In 2008, Zamora took on the additional role of head coach of the Tigres UANL intermedia (20 and under) team. In his first game as head coach, he guided the team to a 40–20 win over the Borregos CEM. The Tigres reached the final that season, but then missed the playoffs in 2009. Zamora guided the Tigres back to the final in 2010, where they lost to the Pumas UNAM. In 2011, he led the team to a perfect season and its second-ever national championship title, beating the Pumas UNAM 28–26 in the final. The Tigres reached the final in 2012 as well, but lost to the Pumas UNAM. Zamora led the team to another perfect season in 2013, capped off by a 27–24 win over the Linces UVM in the final. The teams faced off again in the 2014 final; the Tigres won the rematch, 41–22. Zamora led the Tigres to its third national title in a row in 2015. They faced the Linces UVM in the final, also for the third year in a row, and secured the 28–21 victory.
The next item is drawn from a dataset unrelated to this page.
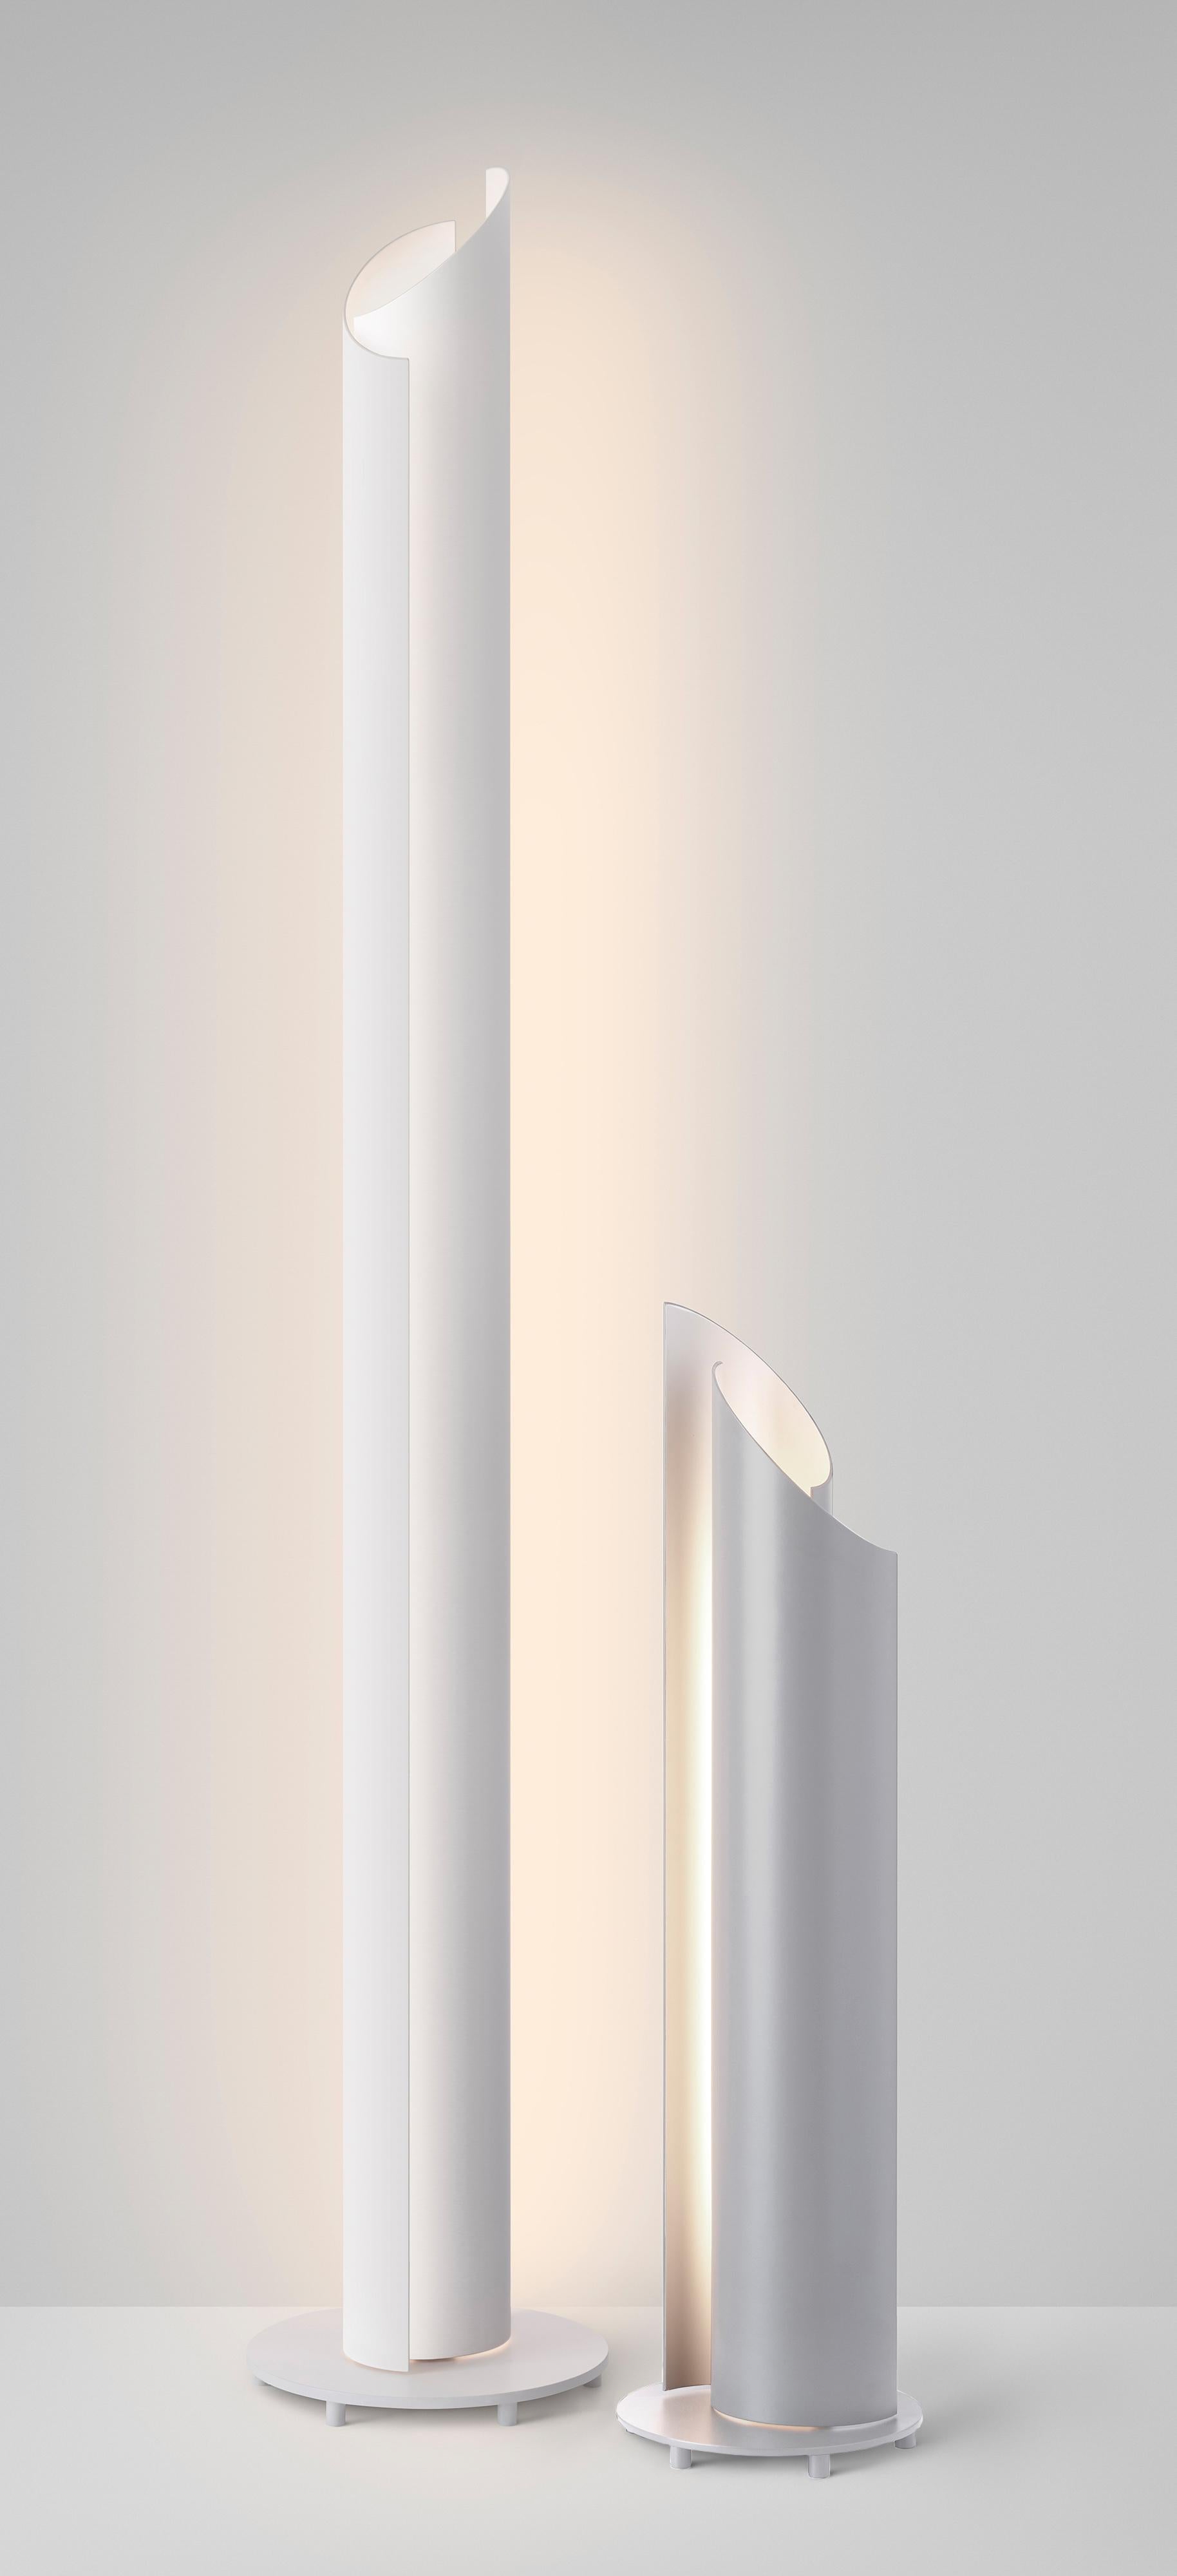 The new Vella series is a dynamic family of luminaires designed to be completely adjustable via two independently swiveling louvers, inviting the user to sculpt light and shadow. Vella’s sweeping curved aluminum form subtly captures and releases

===Auténticos Tigres UANL===
In November 2006, Zamora was floated as a candidate to replace a departing Edmundo Reyes as head coach of the Auténticos Tigres UANL in Liga Mayor. He was not chosen for the job, which went to Pedro Morales, and was instead named the team's quarterbacks coach for the 2007 season. (Note: At least one source claim he remained in the role through the 2008 season, but his curriculum vitae on the UANL website lists only the 2007 season.)

In January 2016, Zamora was named the new head coach of the Auténticos Tigres UANL, replacing an outgoing Morales.

==Personal life==
Zamora was nicknamed "El Jefe" dating back to his playing days. He earned his Licentiate degree in electronic engineering and communications in 2004, followed by a master's degree in industrial administration in 2006, both from UANL.